In the latest update, Ivanplats said good progress continued to be made on Shaft 1’s 850-m-level station. This is the second of three horizontal mining access stations planned for Shaft 1 at Platreef on the northern limb of the Bushveld Complex.

Platreef said: “The first underground mining access station has been constructed at the 750-m level, following earlier development of a water-pumping station at the 450-m level. The third mining access station will be developed at a mine-working depth of 950 m.”

Shaft 1 is expected to reach its projected, final depth of approximately 980 m below surface, complete with all four of the stations, in early 2020, Ivanplats said. The mining zones in the current Platreef mine plan occur at depths ranging from approximately 700 m to 1,200 m below surface.

Construction also is underway on the concrete foundation for the project’s main production shaft ─ Shaft 2, according to Ivanplats. “This foundation will support the 103-m-tall concrete headgear (headframe) that will house Shaft 2’s permanent hoisting facilities and support the shaft collar,” the company said.

Shaft 2 will have an internal diameter of 10 m and will be equipped with two 40-t rock-hoisting skips with a capacity to hoist a total of 6 Mt/y of ore – the single largest hoisting capacity at any mine in Africa, according to Ivanplats.

The South African beneficiaries of the approved broad-based, black economic empowerment structure have a 26% stake in the Platreef project.

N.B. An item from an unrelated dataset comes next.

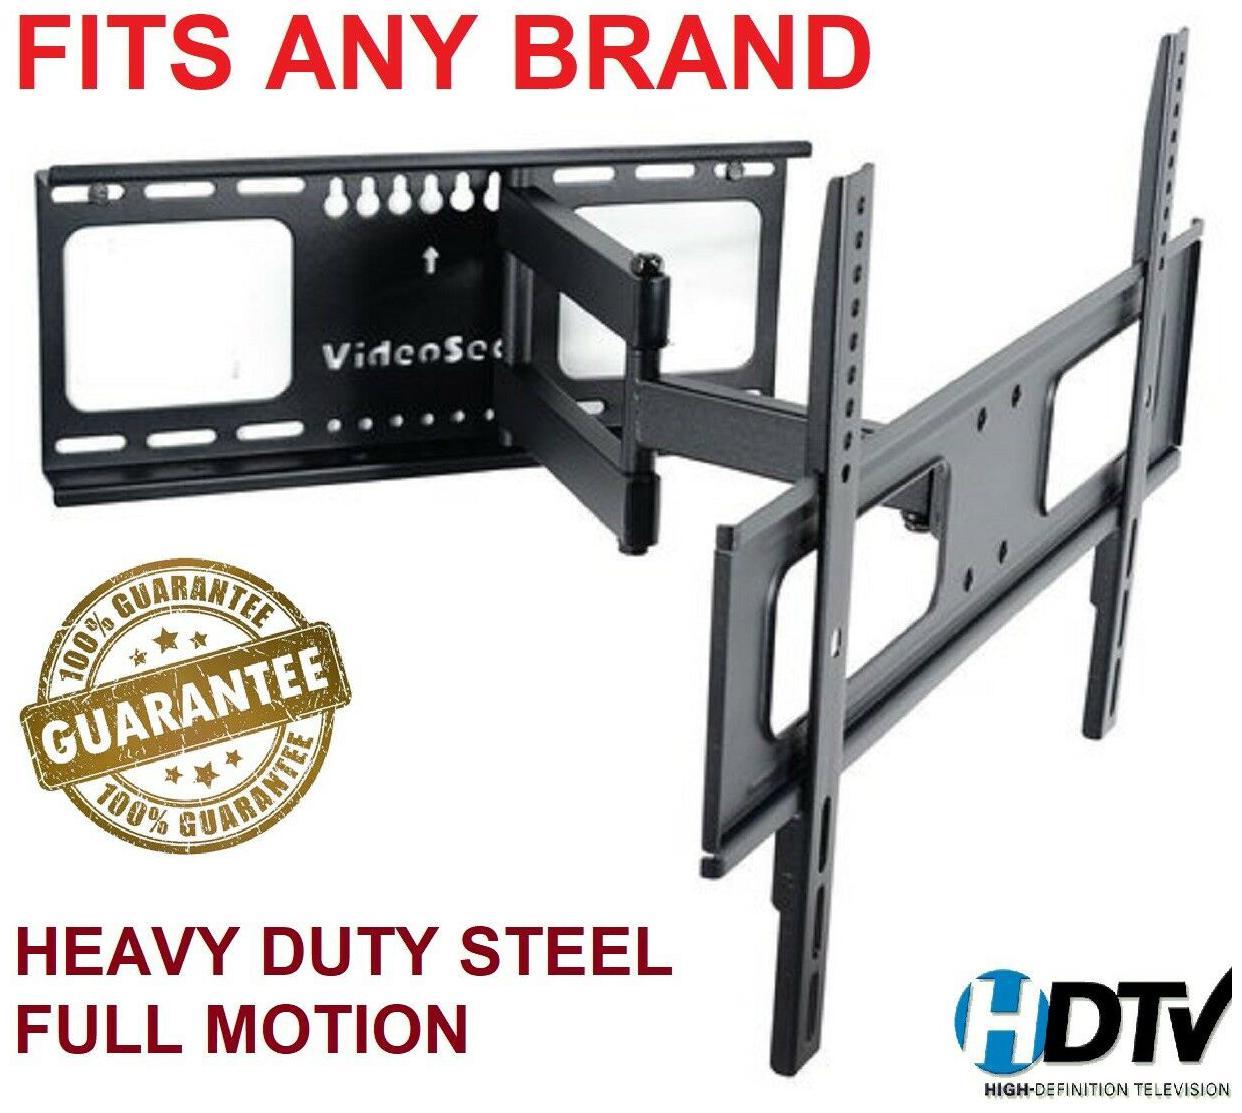 Full Motion TV Wall Mount Swivel Bracket 42 52 55 65 70 Inch LED LCD Flat Screen

The remaining 10% is owned by a Japanese consortium of ITOCHU Corp; Japan Oil, Gas and Metals National Corporation; and Japan Gas Corp.

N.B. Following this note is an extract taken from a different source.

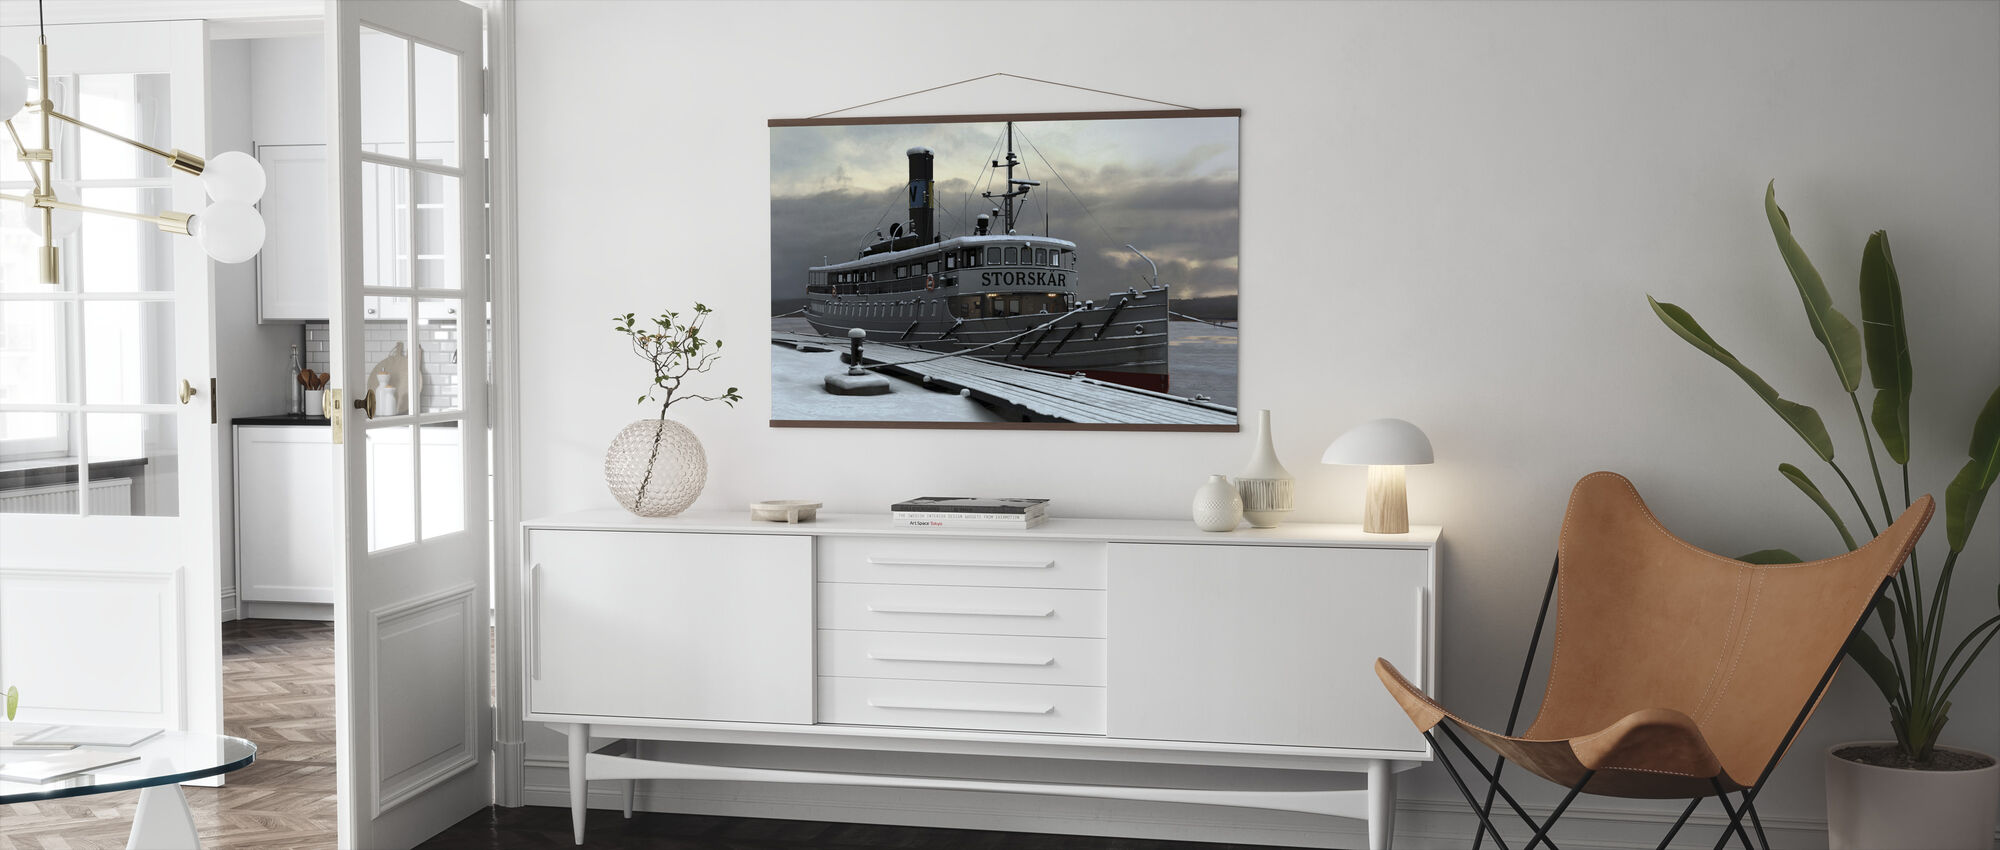 Waxholm Boat - Poster - Living Room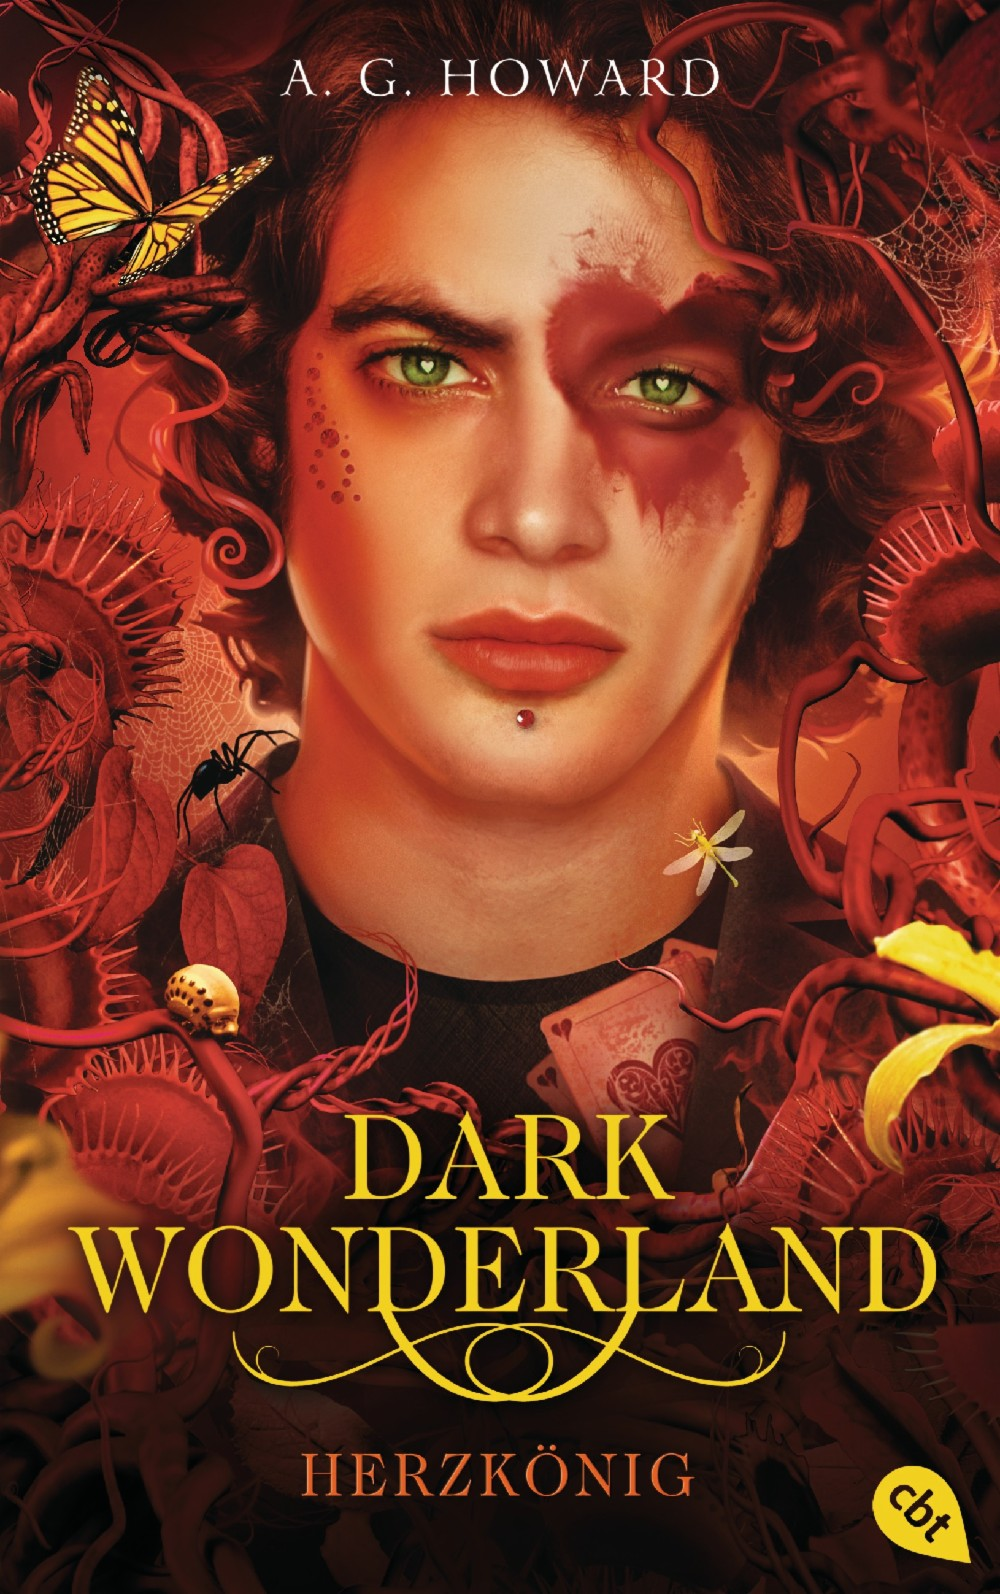 https://www.randomhouse.de/Buch/Dark-Wonderland-Herzkoenig/A.G.-Howard/cbt/e491601.rhd

Resolution Copper ready to sink to new depths in Arizona

Resolution Copper says, after completing the two-year-long rehabilitation phase of the underground mine, in Arizona, it is ready to move to the deepening phase of what could end up being one of the biggest copper mines in the world

Resolution, owned 55:45 by Rio Tinto and BHP, is the owner of the massive Resolution copper project.

In a project update, the company said the proposed mine continued to make progress on all fronts.

“Resolution Copper recently reached a key milestone in its development, with other critical work on track for completion in the near future,” the company said.

Work is progressing on schedule to deepen the historic No 9 shaft, originally constructed in 1971, according to the company. The project scope consists of rehabilitating the shaft, sinking it to approximately 2,086 m and linking it with the newer No 10 shaft completed in 2014.

The rehabilitation phase was completed in December 2018 after approximately two years, and the deepening phase will require another two years, commencing in the June quarter of 2019, according to Resolution. This would see the deepening phase completed in early 2021.

“Connecting the shafts will enhance safety and establish the basis for developing towards the copper deposit,” Resolution said. “The shaft connection will provide a second egress route between the two shafts and improve ventilation.”

The No 9 shaft deepening project has made significant achievements over the last three months, according to the company.

“Following successful cleanup of the existing shaft bottom in December 2018, the shaft crew proceeded to outfit the 4,000-ft (1,219-m) level with a bulk air cooler that will chill the intake air for the No 9 shaft sinking,” Resolution said.

“The crews sinking the shaft use a Galloway work stage (pictured), which allows the miners to do their work with a high degree of automation, withdraw during the blast, and then quickly return to the bottom and repeat the cycle.”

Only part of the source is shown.